Commercio

Modica, abusivismo al mercato: controlli Polizia Locale e Gdf

Stamattina al quartiere Sorda

Controlli interforze questa mattina tra le bancarelle del mercato settimanale del giovedì a Modica che si è tenuto nel quartiere Sorda in contrada Caitina.

Durante la mattinata agenti della polizia municipale, e militari della Guardia di Finanza della locale tenenza hanno passato a setaccio gli ambulanti per verificare le autorizzazioni. L'operazione è stata disposta dal Questore di Ragusa, Salvatore La Rosa, e coordinata dai comandanti Rosario Cannizzaro e Alessandro Salvatore. Nel corso dei controlli, iniziati di prima mattina, sono stati individuati e sanzionati tre operatori per omessa installazione di misuratori fiscali. E’ stato eseguito il sequestro e la confisca di merce deperibile(fagiolini, cipolle, cavolfiori, peperoni, melanzane e pomodori)che erano in vendita da un ambulante di Santa Croce Camerina perchè sprovvisto delle previste autorizzazioni amministrative.

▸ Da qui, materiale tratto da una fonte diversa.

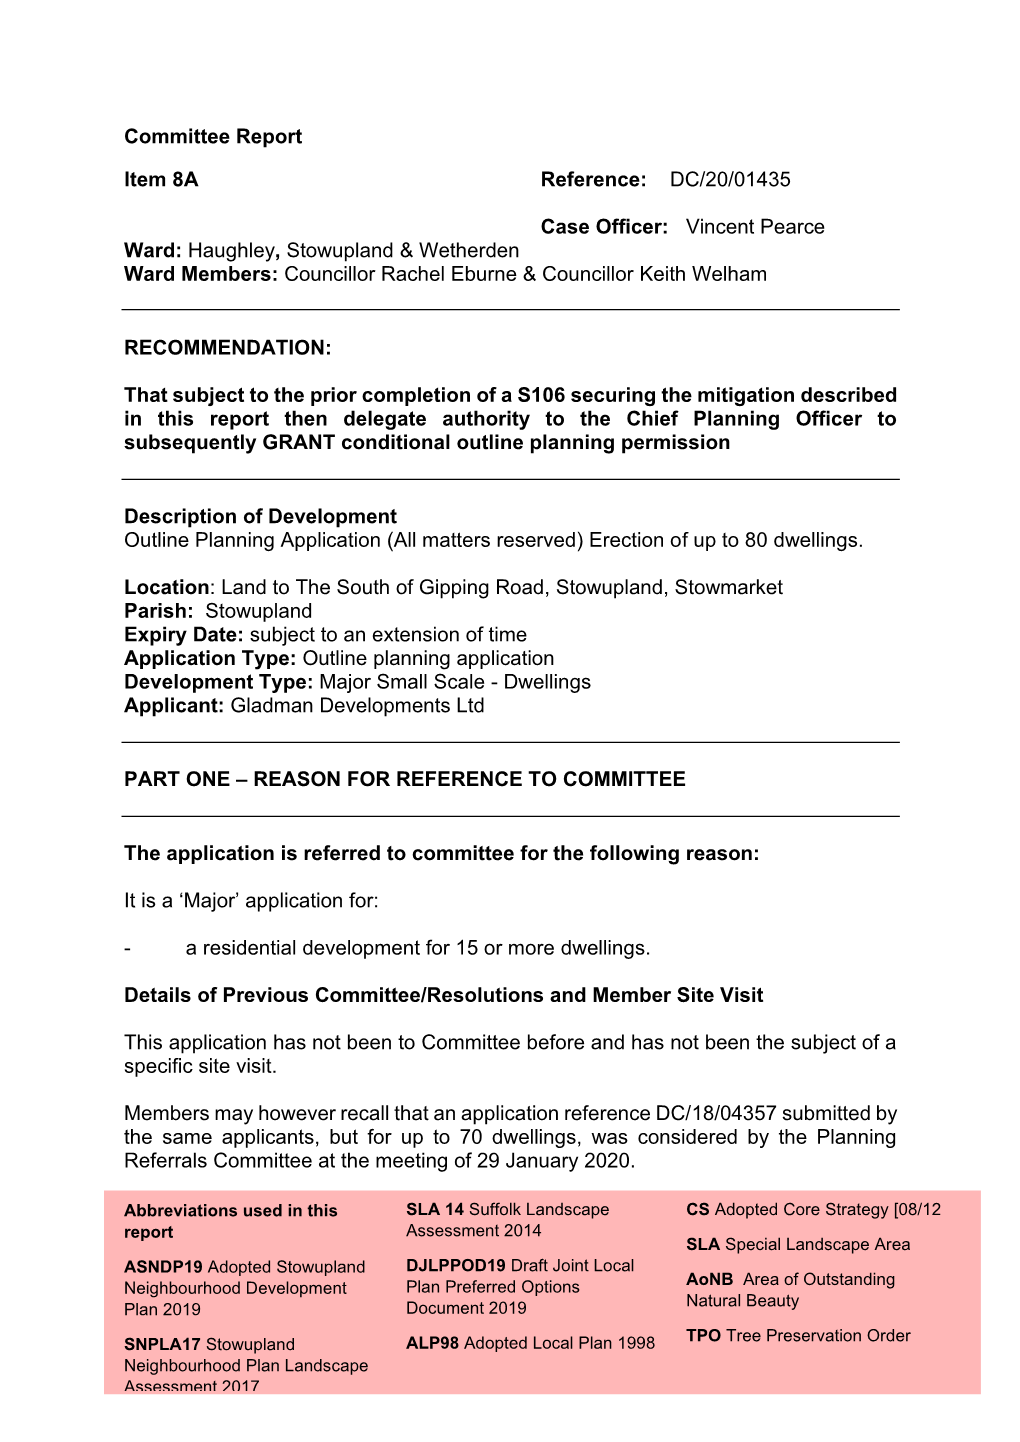 Committee Report Ward: Haughley, Stowupland & Wetherden Ward Members: Councillor Rachel Eburne & Councillor Keith Welham

Di concerto col sindaco, Ignazio Abbate, i prodotti sono stati donati alle Suore della Casa di Riposo Cusumano(ex Boccone del Povero del Povero), al Quartiere Dente. Un altro ambulante è stato sanzionato secondo l’art. 20 del Codice della Strada, occupazione abusiva di suolo pubblico. Nel corso dei controlli, sono stati diversi gli ambulanti abusivi che, spontaneamente, si sono allontanati prima di essere generalizzati. I controlli proseguiranno anche nei prossimi giorni. Ed una operazione congiunta Finanza- polizia municipale contro l’abusivismo commerciale è stata eseguita questa mattina anche a Ragusa in via Di Vittorio dove solitamente si fermano venditori ambulanti.

Alcuni di essi non sarebbero stati in regola con le autorizzazioni e per protesta hanno buttato sull'asfalto i loro prodotti creando disordini nel traffico. Proprio in queste ore il presidente provinciale della Confcommercio di Ragusa, Gianluca Manenti, aveva messo in rilievo le ricadute positive dell’operazione interforze effettuata due giorni fa al mercato di contrada Zagarone a Scicli. In un periodo di grave crisi come quello attuale l'abusivismo, ha evidenziato Manenti, determina scompensi che possono anche sfociare nella chiusura di attività.